RAG (Retrieval-Augmented Generation)
A technique that combines document retrieval with AI generation to ground responses in factual data.
RAG solves the hallucination problem by retrieving relevant documents before generating a response.
The workflow: 1. User asks a question. 2. Embed the question and search a vector database of documents. 3. Retrieve the k-most-relevant documents. 4. Pass the question + retrieved documents to the language model. 5. Model generates an answer grounded in those documents.
Why it matters: RAG decouples the model's knowledge from its parameters. You can update the document database without retraining. It works for company-specific Q&A, research synthesis, and any task where accuracy matters more than creativity.

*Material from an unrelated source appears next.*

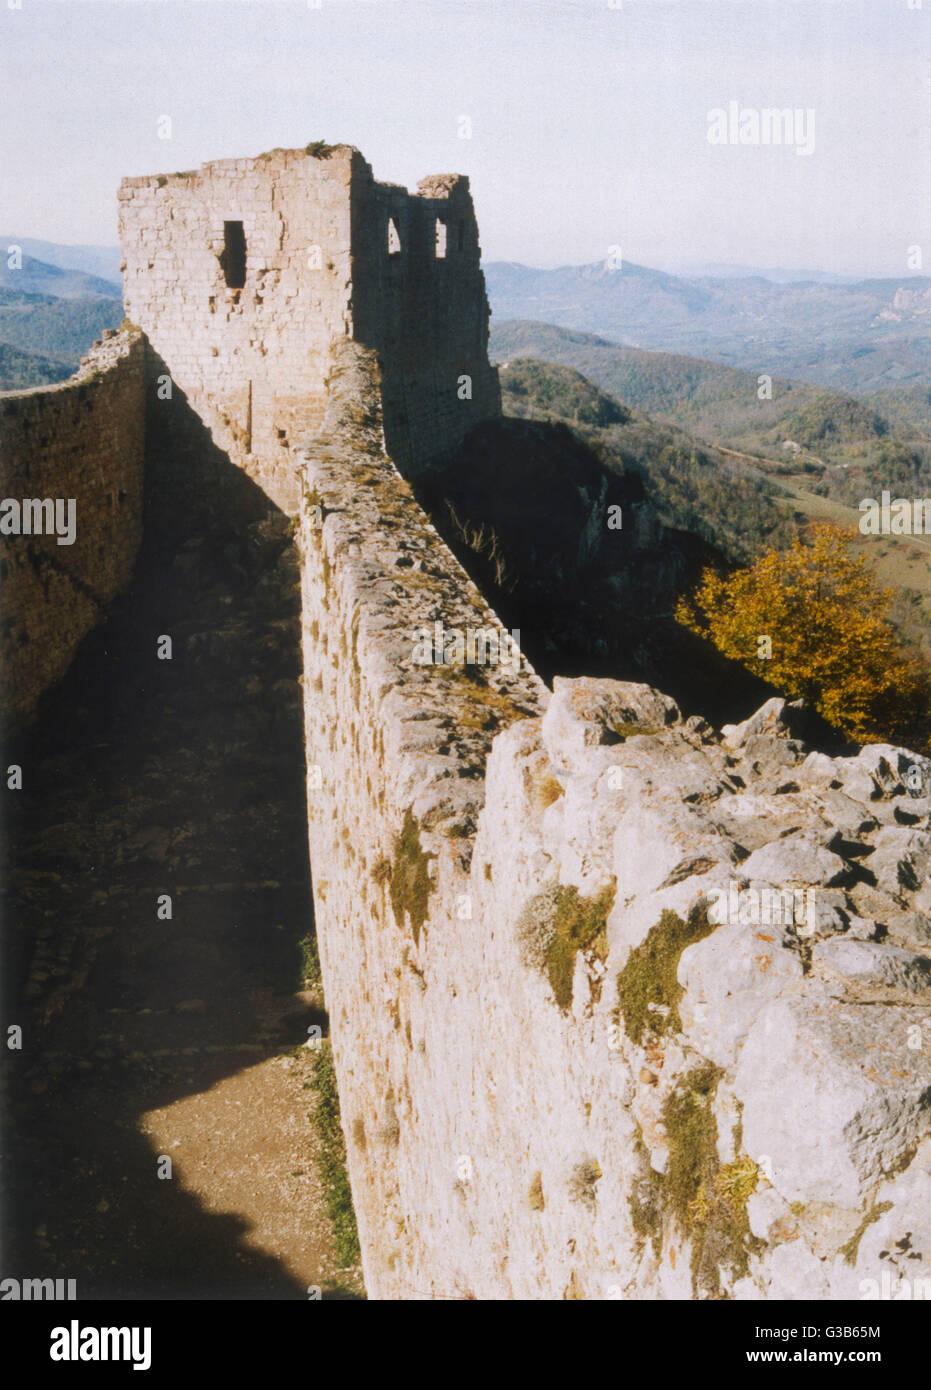 Montsegur, Languedoc         Date: 1989 - Stock Image
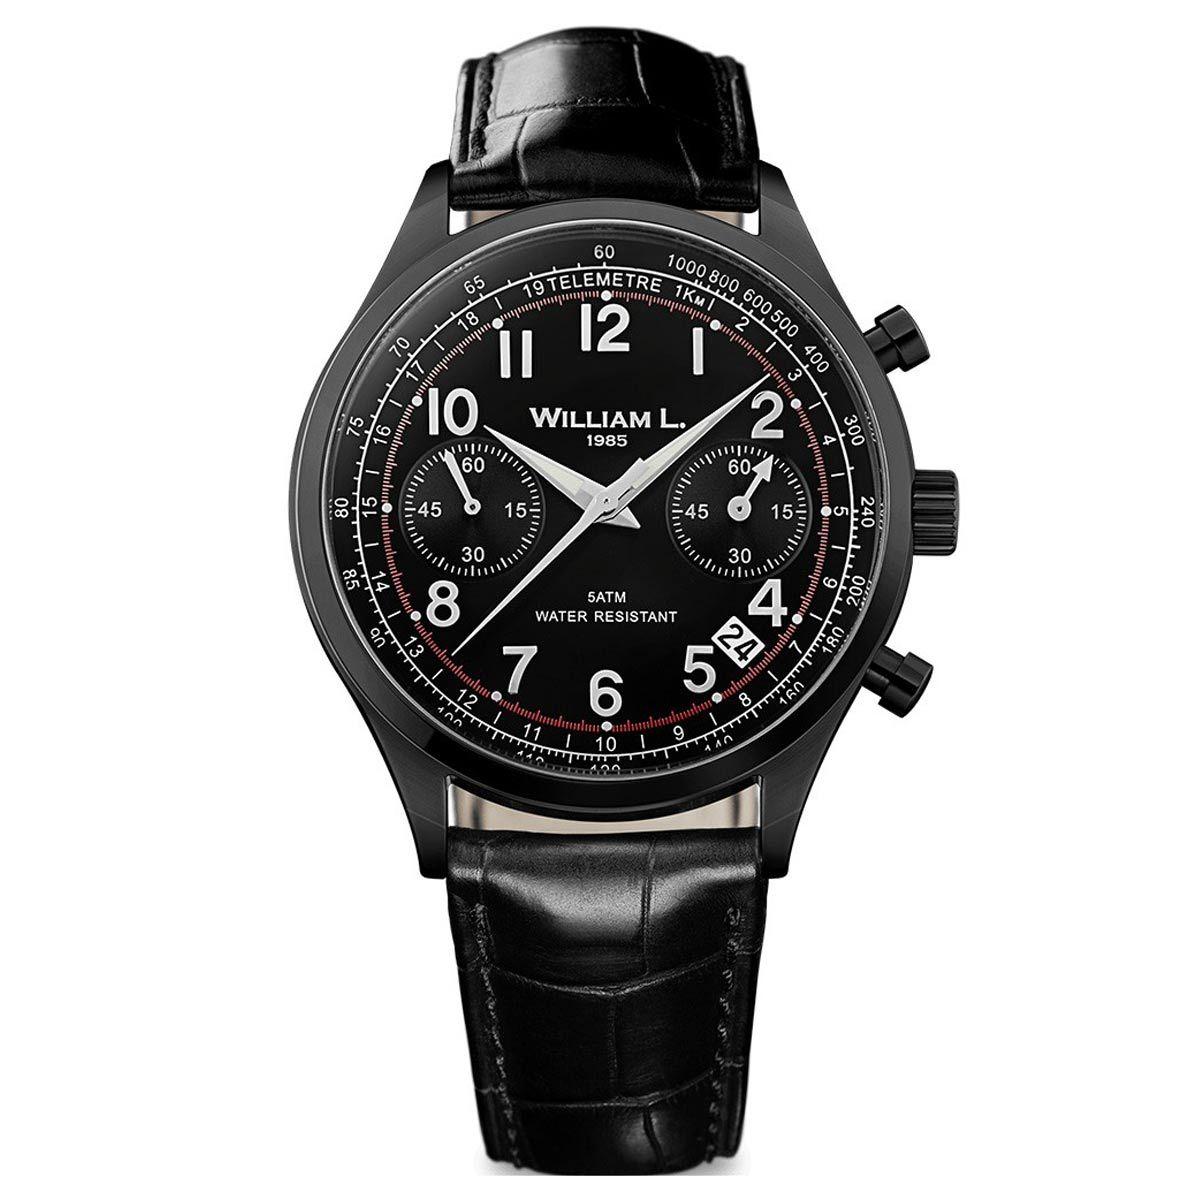 William L. 1985 WLIB01NRCN Men's Chronographs Vintage Style Black Strap Black IP Steel Watch

RAG is widely used in production—Perplexity, many enterprise AI assistants, and retrieval-heavy products rely on it. The tradeoff is latency—retrieval adds a round-trip to the vector database before generation.
Example
Without RAG: Ask "What's our return policy?" and the model hallucinates. With RAG: Retrieve your actual return policy document, then generate an answer from it.
Related terms
Grounding
Anchoring an AI's responses to factual data to reduce hallucination.
Embedding
A numerical representation of text (or other data) that captures meaning, enabling semantic search and comparison.
Vector Database
A specialized database optimized for storing and searching embeddings by similarity.